> [What you will do]:
Copy everything in the data below exactly except the pictures.

+++ Supplied material

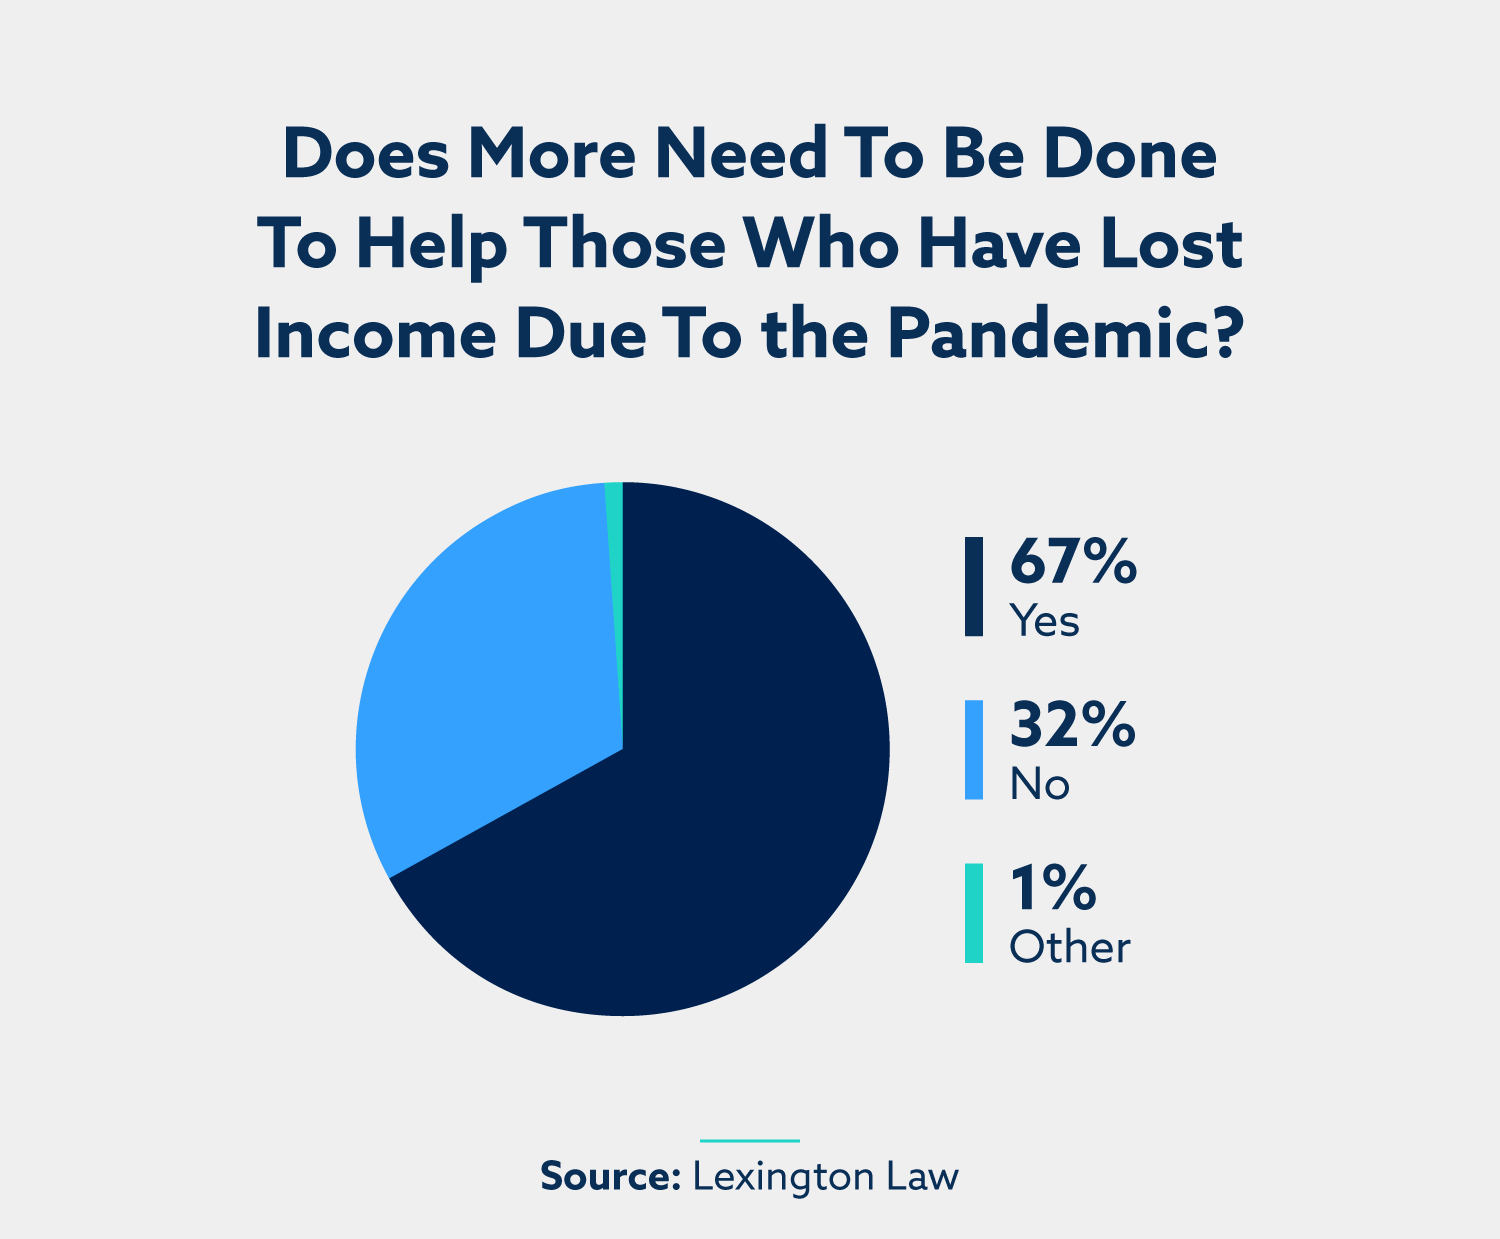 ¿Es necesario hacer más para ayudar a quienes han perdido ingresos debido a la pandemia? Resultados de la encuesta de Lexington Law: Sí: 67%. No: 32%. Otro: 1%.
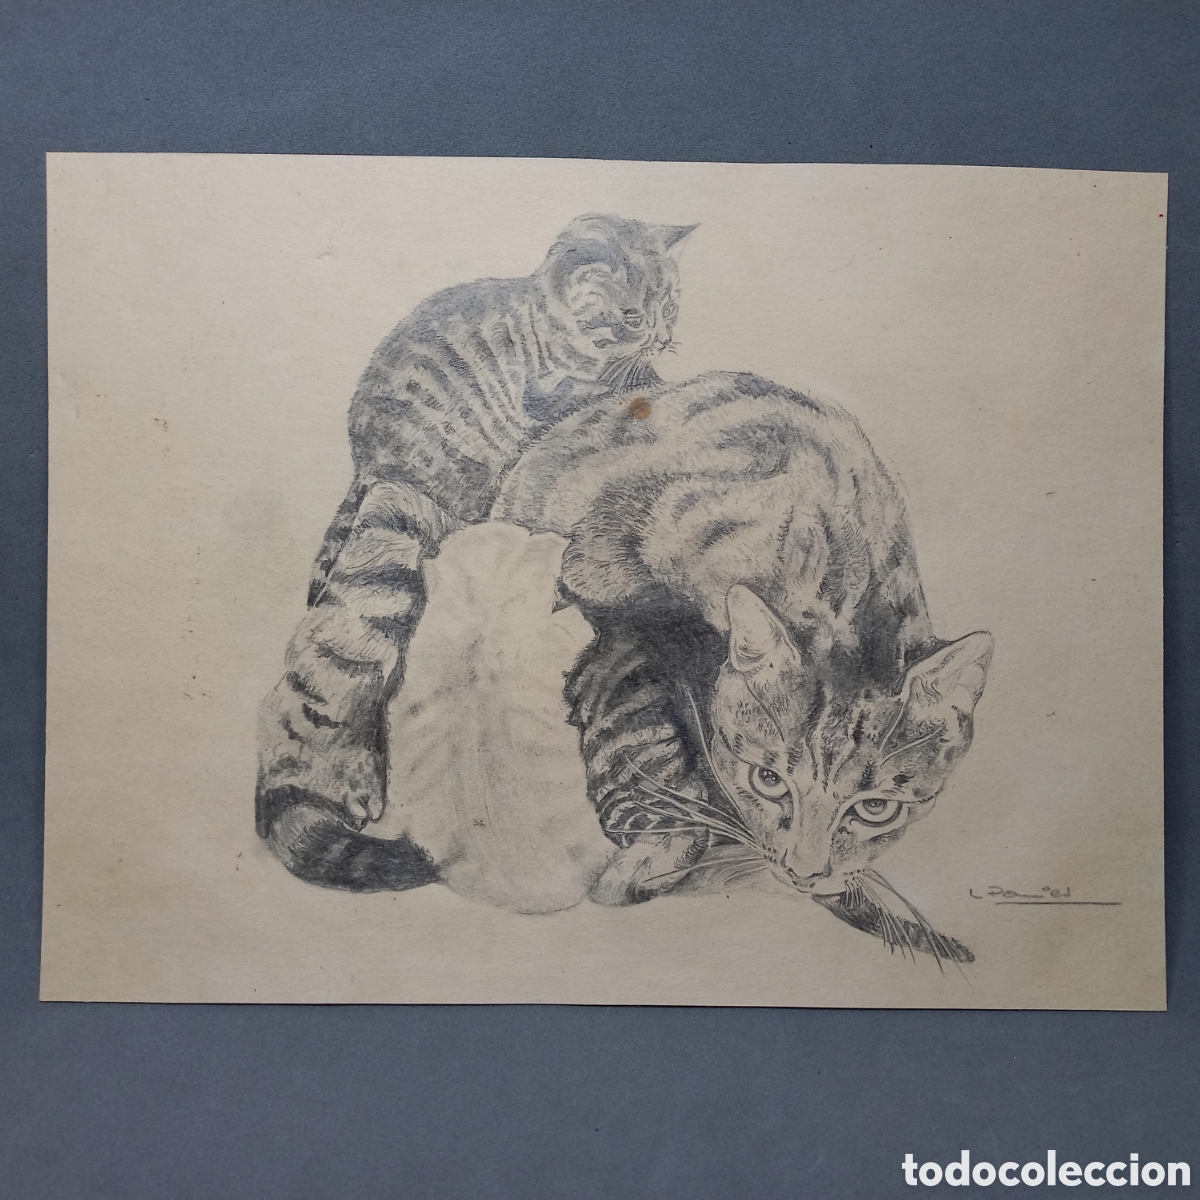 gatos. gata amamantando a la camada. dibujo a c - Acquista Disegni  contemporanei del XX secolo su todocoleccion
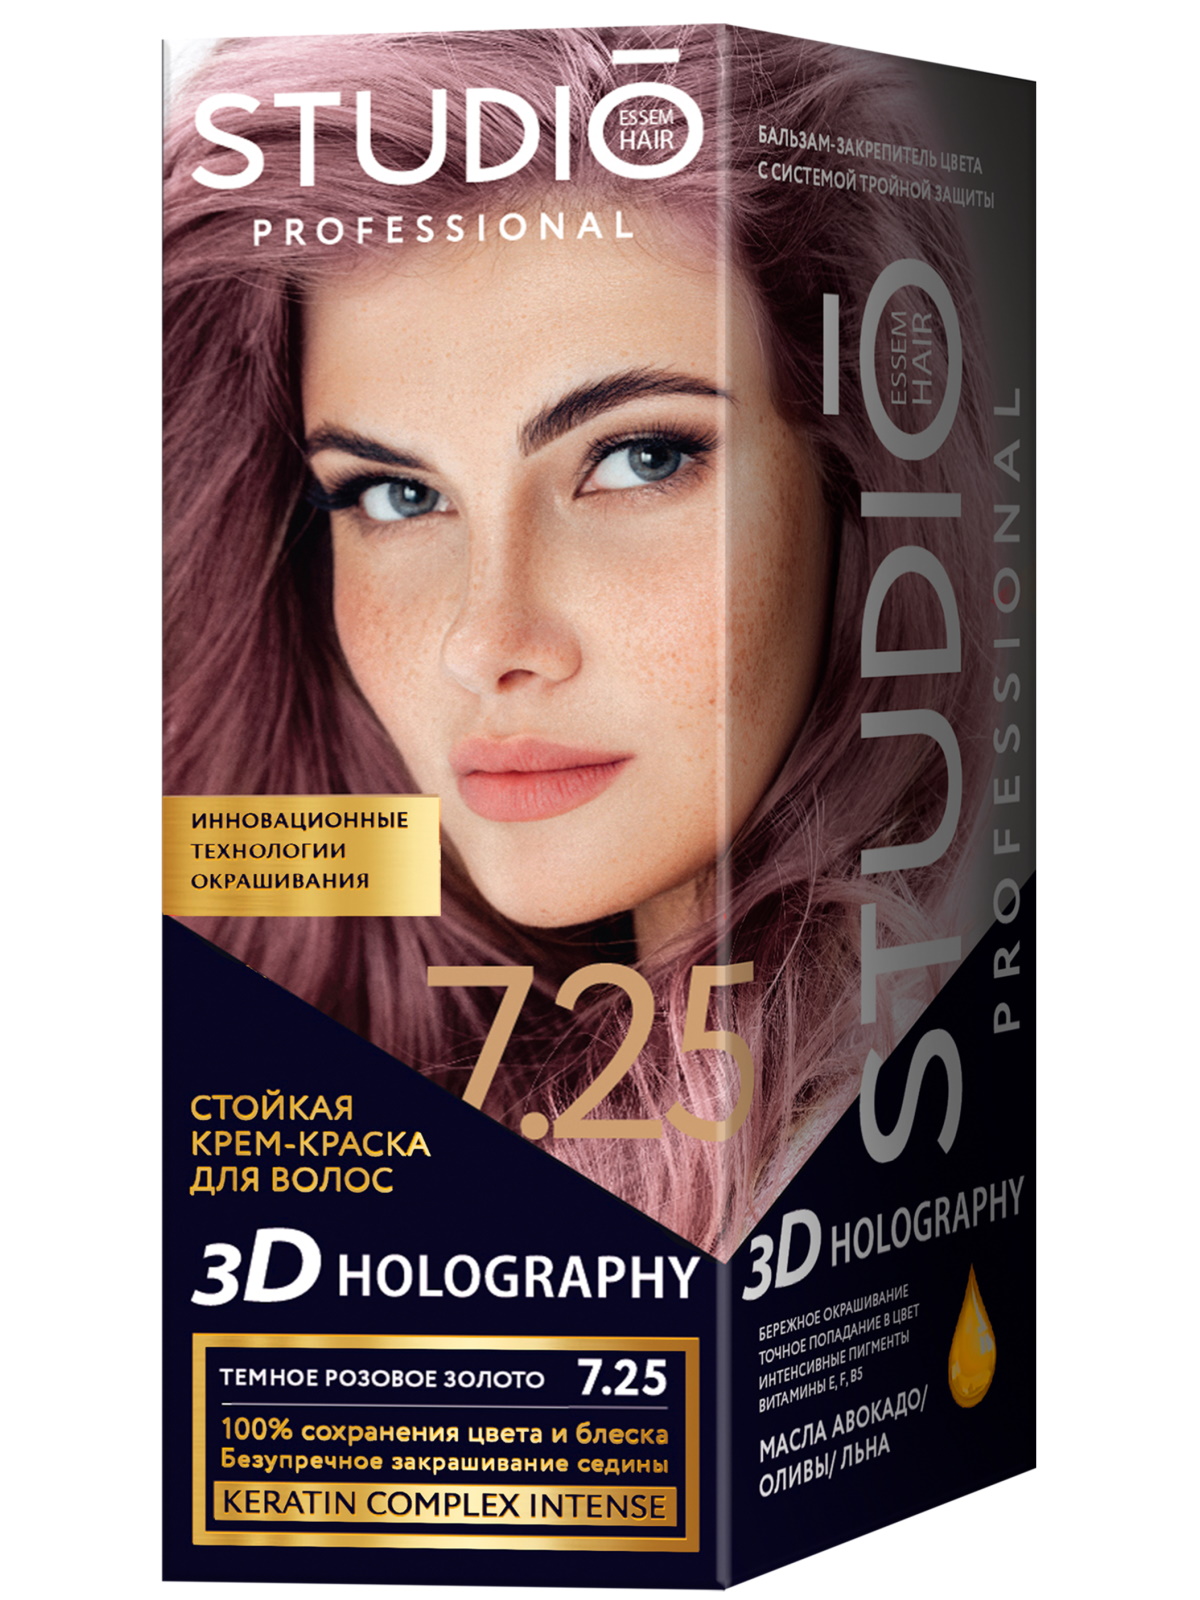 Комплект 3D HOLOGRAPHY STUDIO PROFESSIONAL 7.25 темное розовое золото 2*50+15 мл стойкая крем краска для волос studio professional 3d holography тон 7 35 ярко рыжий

++++++

> [Result]:
 ¿Es necesario hacer más para ayudar a quienes han perdido ingresos debido a la pandemia? Resultados de la encuesta de Lexington Law: Sí: 67%. No: 32%. Otro: 1%.
 gatos. gata amamantando a la camada. dibujo a c - Acquista Disegni  contemporanei del XX secolo su todocoleccion
 Комплект 3D HOLOGRAPHY STUDIO PROFESSIONAL 7.25 темное розовое золото 2*50+15 мл стойкая крем краска для волос studio professional 3d holography тон 7 35 ярко рыжий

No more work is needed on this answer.